I found out that the charger was on the recall list and brought it into DeWalt and they gave me a new charger and battery immediately. Great Customer Service.


----------



## buffalosean (Feb 15, 2009)

Thanks for the tip. I have quite a few dewalt cordless tools. I forget about the batteries in the charger overnight all the time. I'll look into gettin a timer for my charger also. THanKS


----------



## Woodshopfreak (Feb 26, 2008)

Just to let you know most rechargeable batteries start developing a memory once they have been left on the charger for about 8 hours, so that would make another reason to take it off the charger. At least the battery didn't blow up!


----------



## oldskoolmodder (Apr 28, 2008)

Hmmm, makes me think I need to see if the DeWalt I have was recalled and I just didn't know about it. When mine gave out wiht less than 30 charges on it, I gave up on DeWalt products.

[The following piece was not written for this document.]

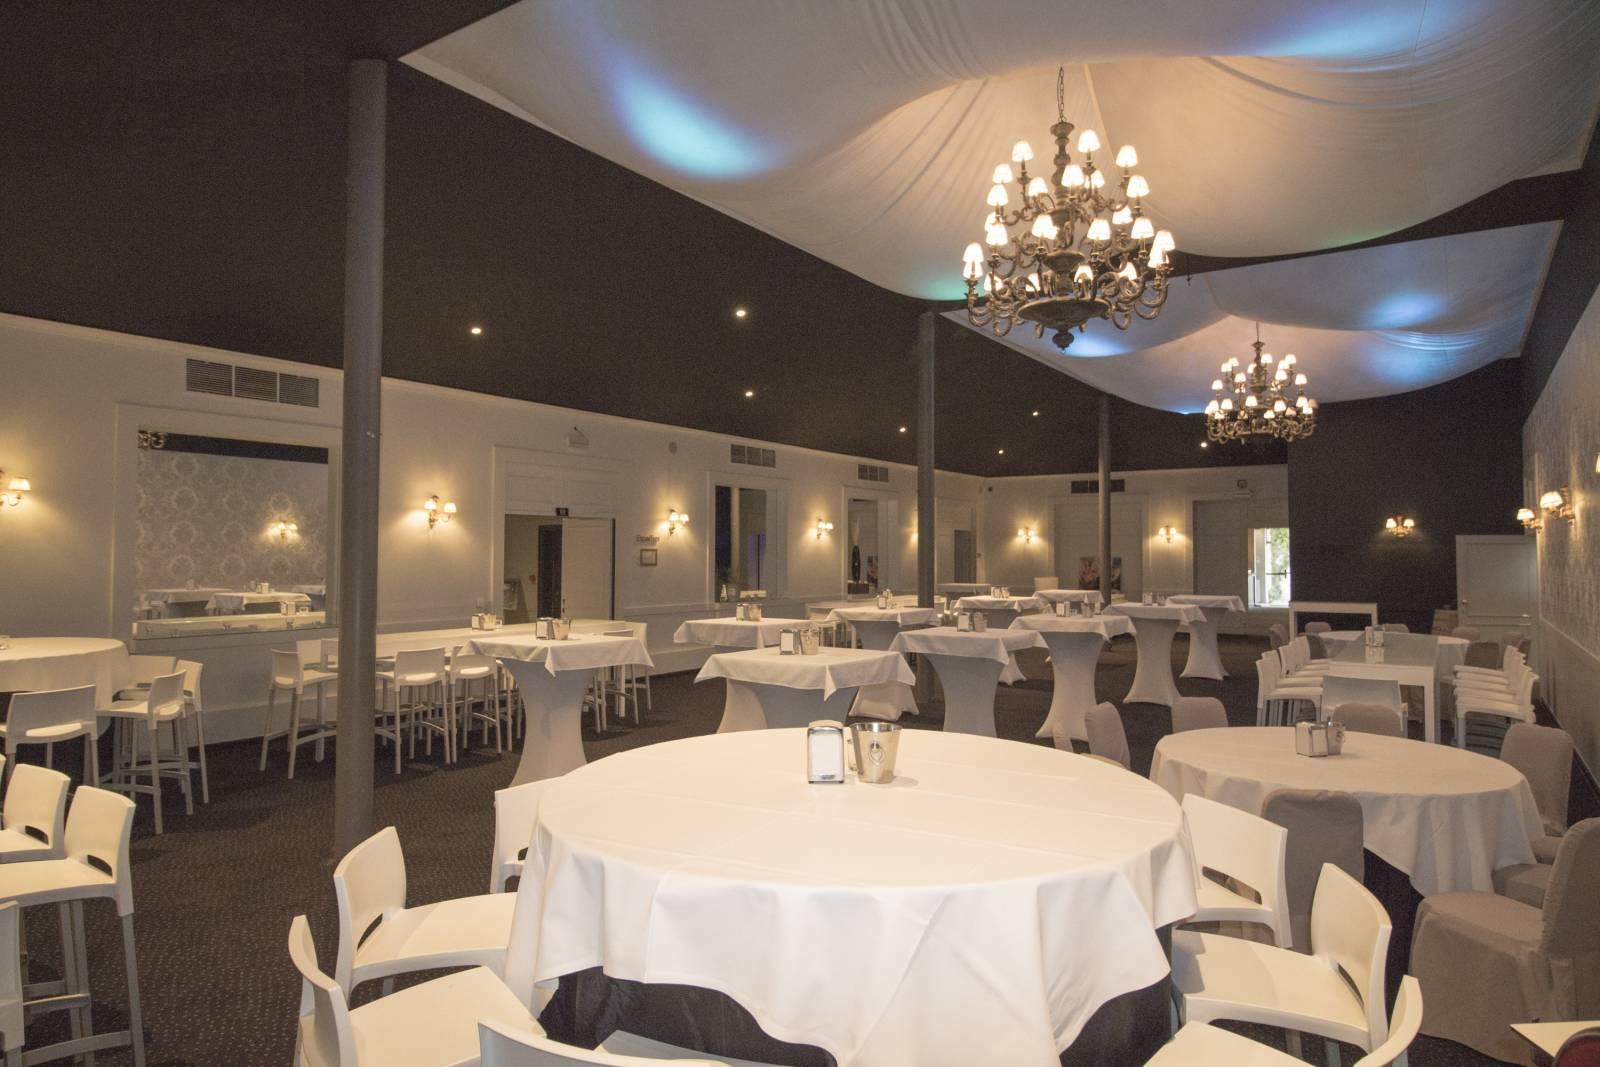 Cortina Wevelgem - Feestzaal - House of Weddings (3)

I rarely if ever leave my batteries on for much longer than the time needed for charging, but have witnessed HOT batteries from just a few hours on the charger.


----------



## woodyoda (Dec 7, 2008)

Wasn't it dewalt that had a cold charger that would charge any battery? It would charge a dewalt battery in about 15 minutes, without heating the battery. They discontinued it, because it was too good a product, I guess…..yoda


----------



## chriswright (Nov 13, 2008)

Yeah, I try not to leave my batteries in the charger for more then a day. My dad had an old Porter Cable 14.4v drill and one of the batteries ruptured in the charger. It didn't blow up and no one got hurt, but needless to say, the battery was worthless after that.


----------



## toddc (Mar 6, 2007)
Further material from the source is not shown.